15/10/2021  09:30 AM    <DIR>          .
15/10/2021  09:30 AM    <DIR>          ..
15/10/2021  09:29 AM             1,294 DigiCertGlobalRootG2.crt.pem
15/10/2021  09:29 AM               839 DigiCertGlobalRootG3.crt.pem
15/10/2021  09:30 AM               605 Microsoft ECC Root Certificate Authority 2017.crt
15/10/2021  09:30 AM             1,452 Microsoft RSA Root Certificate Authority 2017.crt
               4 File(s)          4,190 bytes

5. Renomeie os arquivos DigiCertGlobalRootG2 da seguinte forma com .pem.

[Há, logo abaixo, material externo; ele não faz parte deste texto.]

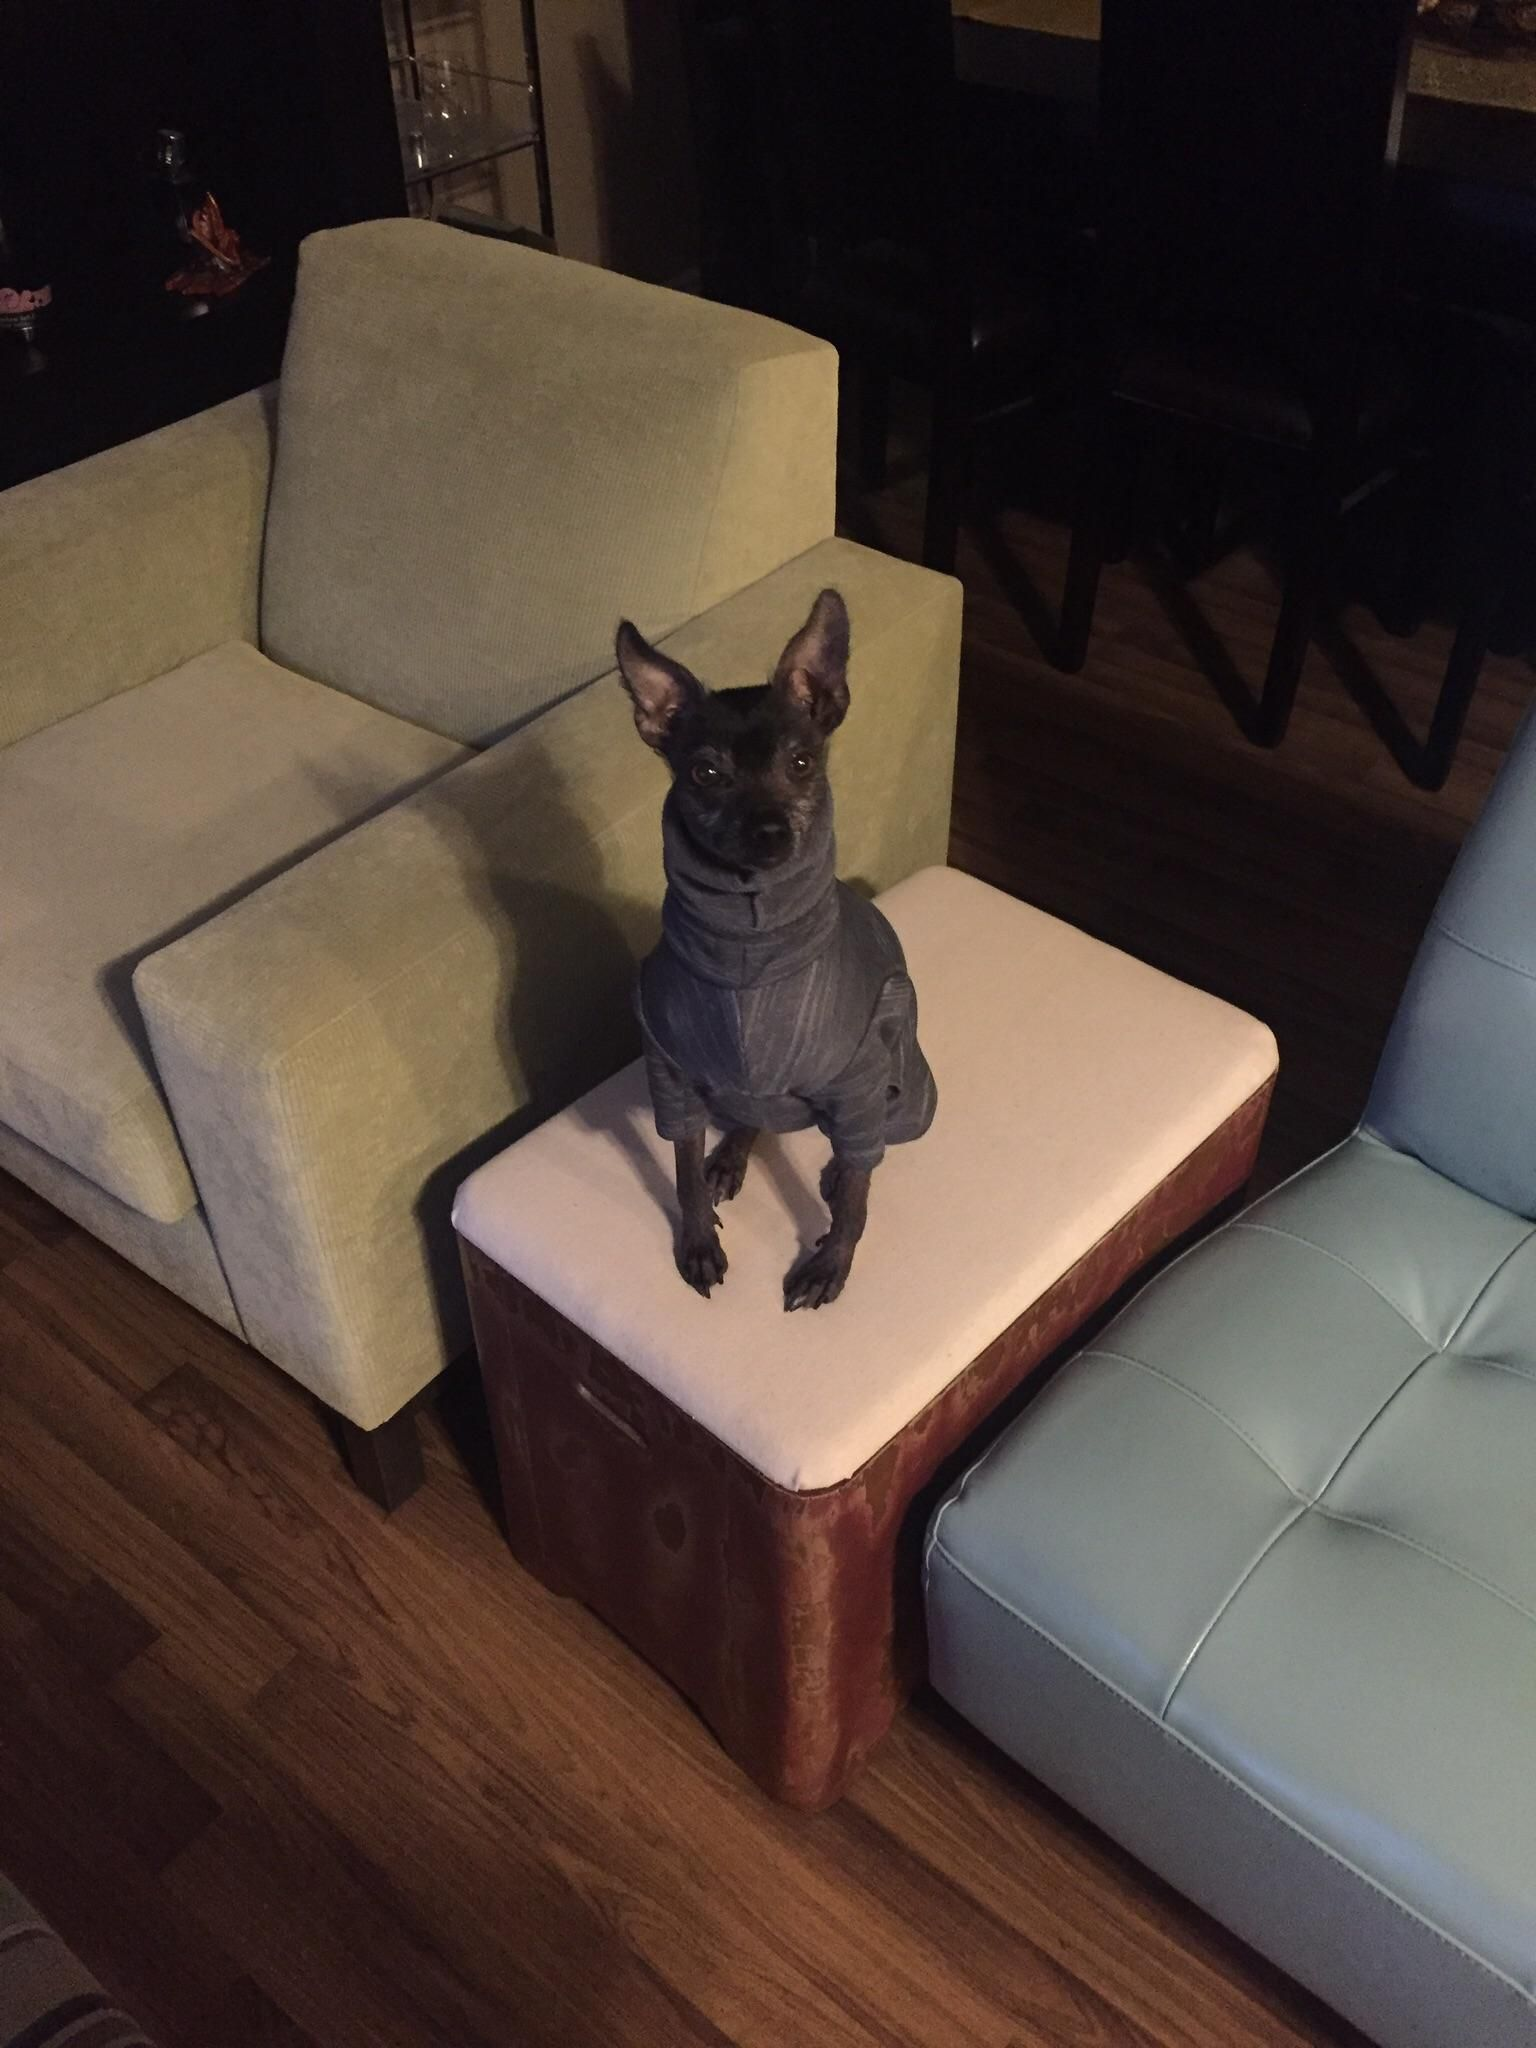 PsBattle: Xolo on bench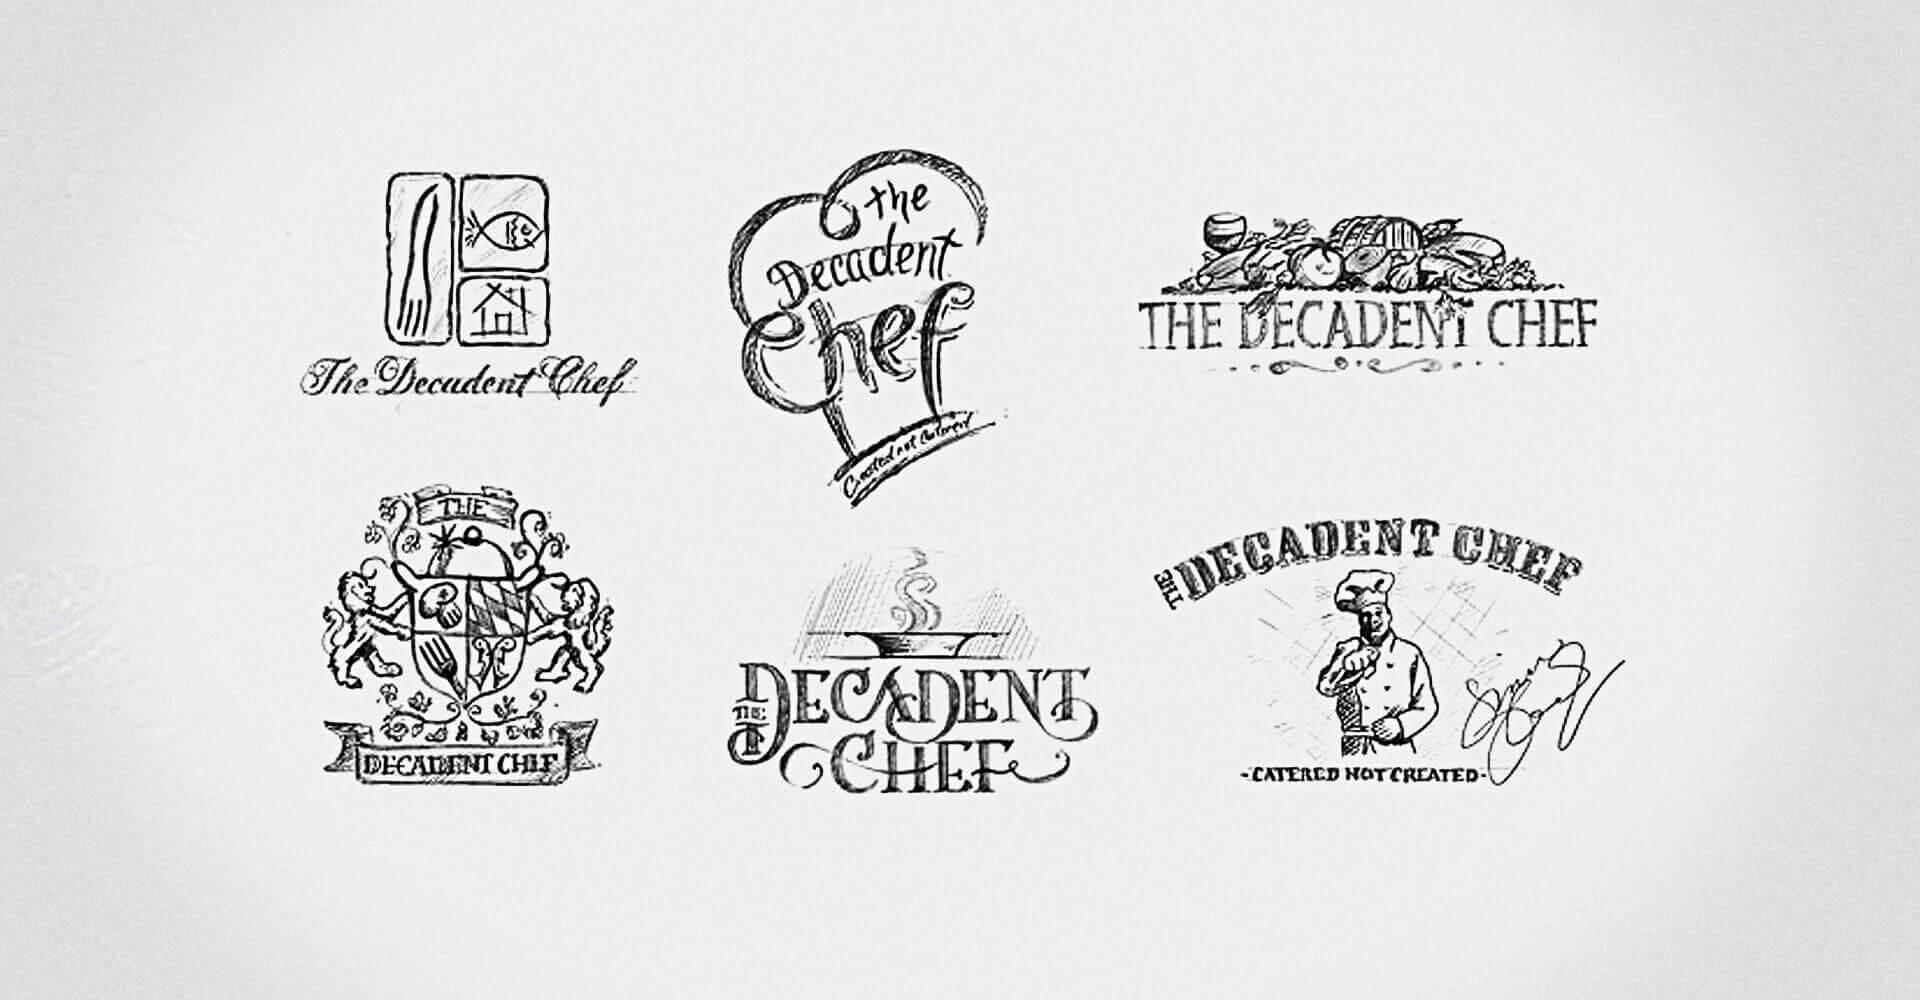 The Decadent Chef

C:\MS-AZ-certificates>rename DigiCertGlobalRootG2.crt.pem DigiCertGlobalRootG2.pem

C:\MS-AZ-certificates>rename DigiCertGlobalRootG3.crt.pem DigiCertGlobalRootG3.pem

6. Converta o certificado da autoridade de certificação da raiz Microsoft ECC RSA do formato crt para pem da seguinte forma:

C:\MS-AZ-certificates>certutil -encode "Microsoft ECC Root Certificate Authority 2017.crt" ms-ecc-root.pem
Input Length = 605
Output Length = 890
CertUtil: -encode command completed successfully.

C:\MS-AZ-certificates>certutil -encode "Microsoft RSA Root Certificate Authority 2017.crt" ms-rsa-root.pem
Input Length = 1452
Output Length = 2054
CertUtil: -encode command completed successfully.

C:\MS-AZ-certificates>dir
 Volume in drive C is OS
 Volume Serial Number is E4AE-2A04

 Directory of C:\MS-AZ-certificates

15/10/2021  10:25 AM    <DIR>          .
15/10/2021  10:25 AM    <DIR>          ..
15/10/2021  09:29 AM             1,294 DigiCertGlobalRootG2.pem
15/10/2021  09:29 AM               839 DigiCertGlobalRootG3.pem
15/10/2021  09:46 AM               605 Microsoft ECC Root Certificate Authority 2017.crt
15/10/2021  09:45 AM             1,452 Microsoft RSA Root Certificate Authority 2017.crt
15/10/2021  10:25 AM               890 ms-ecc-root.pem
15/10/2021  10:25 AM             2,054 ms-rsa-root.pem
               6 File(s)          7,134 bytes

7. Importe todos os arquivos de certificado formatados para PEM da pasta usando a interface do usuário do PowerProtect DD System Manager.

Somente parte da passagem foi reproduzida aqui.